Detailed Logging at : /u01/app/oracle/tfa/repository/collection_Wed_Mar_22_08_26_50_CST_2017_node_all/diagcollect_20170322082650_12cr2.log
2017/03/22 08:27:06 CST : Collection Name : tfa_Wed_Mar_22_08_26_50_CST_2017.zip
2017/03/22 08:27:06 CST : Collecting diagnostics from hosts : [12cr2]
2017/03/22 08:27:06 CST : Scanning of files for Collection in progress...
2017/03/22 08:27:06 CST : Collecting additional diagnostic information...
2017/03/22 08:27:11 CST : Getting list of files satisfying time range [03/21/2017 20:27:06 CST, 03/22/2017 08:27:11 CST]
2017/03/22 08:27:12 CST : Collecting ADR incident files...
2017/03/22 08:27:28 CST : Completed collection of additional diagnostic information...
2017/03/22 08:27:32 CST : Completed Local Collection
.----------------------------------.
|        Collection Summary        |
+-------+-----------+-------+------+
| Host  | Status    | Size  | Time |
+-------+-----------+-------+------+
| 12cr2 | Completed | 244kB |  26s |
'-------+-----------+-------+------'

Logs are being collected to: /u01/app/oracle/tfa/repository/collection_Wed_Mar_22_08_26_50_CST_2017_node_all
/u01/app/oracle/tfa/repository/collection_Wed_Mar_22_08_26_50_CST_2017_node_all/12cr2.tfa_Wed_Mar_22_08_26_50_CST_2017.zip

如您所见,我有两个实例,都进行了收集。
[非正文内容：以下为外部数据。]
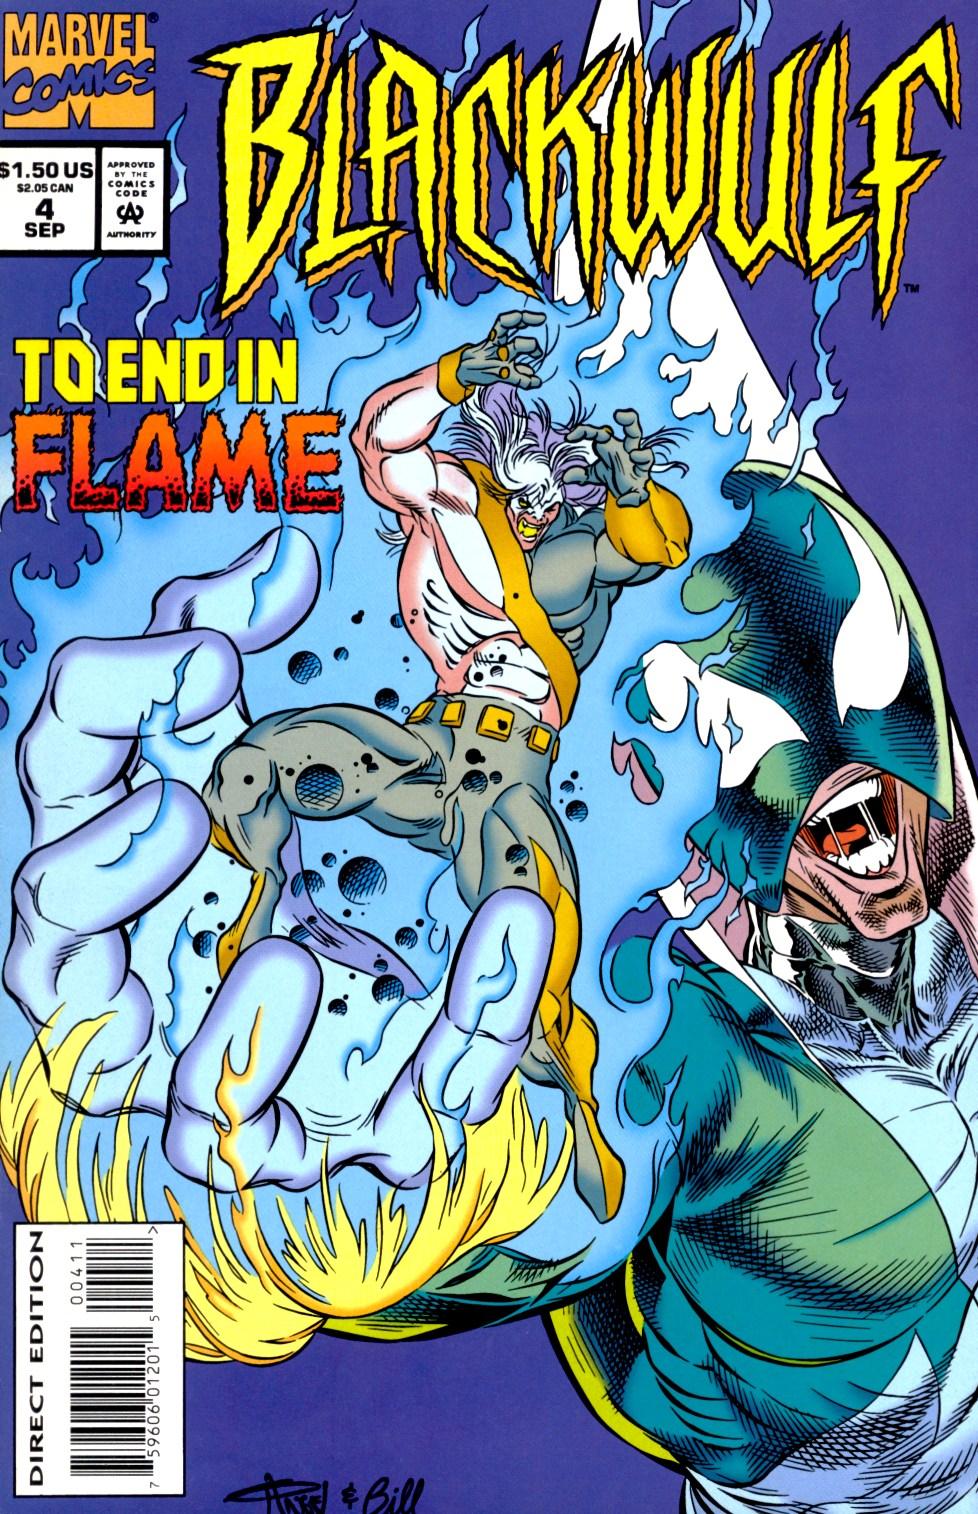 Read online Blackwulf comic -  Issue #4 - 1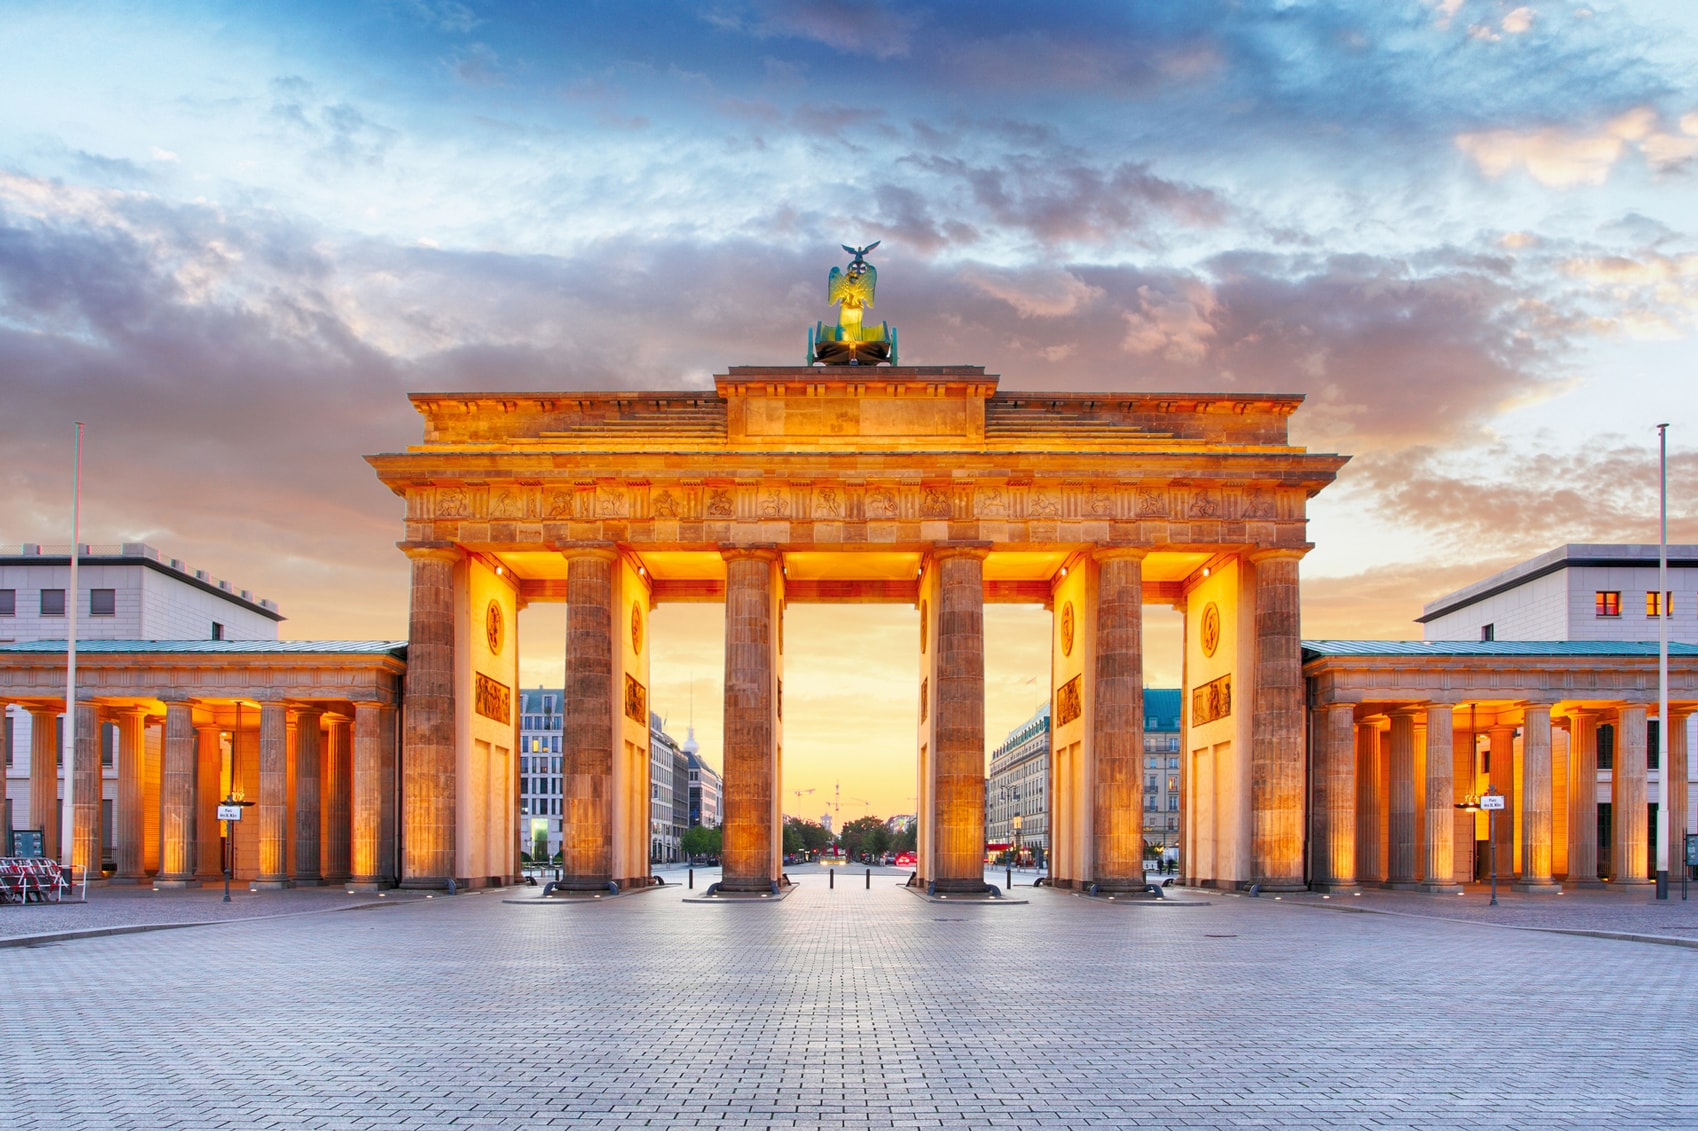 Incredible German Sights Berlin-www.istockphoto.com_gb_photo_berlin-brandenburg-gate-at-night-gm494161874-77297715-TomasSereda

篇幅所限仅下面只说明命令,不赋上打印信息。

2、收集8小时内的所有日志

tfactl diagcollect –all –since 8h

3、收集hrdb、fdb实例1小时内的的trace日志,并将打包的文件命名为foo

tfactl diagcollect -database hrdb,fdb -since 1d -z foo

4、收集6小时内RAC的1、2号节点的TRACE和OS日志

tfactl diagcollect –crs -os -node node1,node2 -since 6h

5、收集ASM的1,2号节点在2016-9-22到2016-9-23 21:00:00之间的告警日志

tfactl diagcollect -asm -node node1 -from Sep/22/2016 -to "Sep/23/2016 21:00:00"

6、收集2016-9-23日的trace日志

tfactl diagcollect -for Sep/23/2016

7、上面的命令加上时间表示在这个时间往前和王后的12小时的日志

下面表示收集2016-9-22 9:00到2016-9-23日 9:00间的trace日志
tfactl diagcollect -for "September/22/2016 21:00:00"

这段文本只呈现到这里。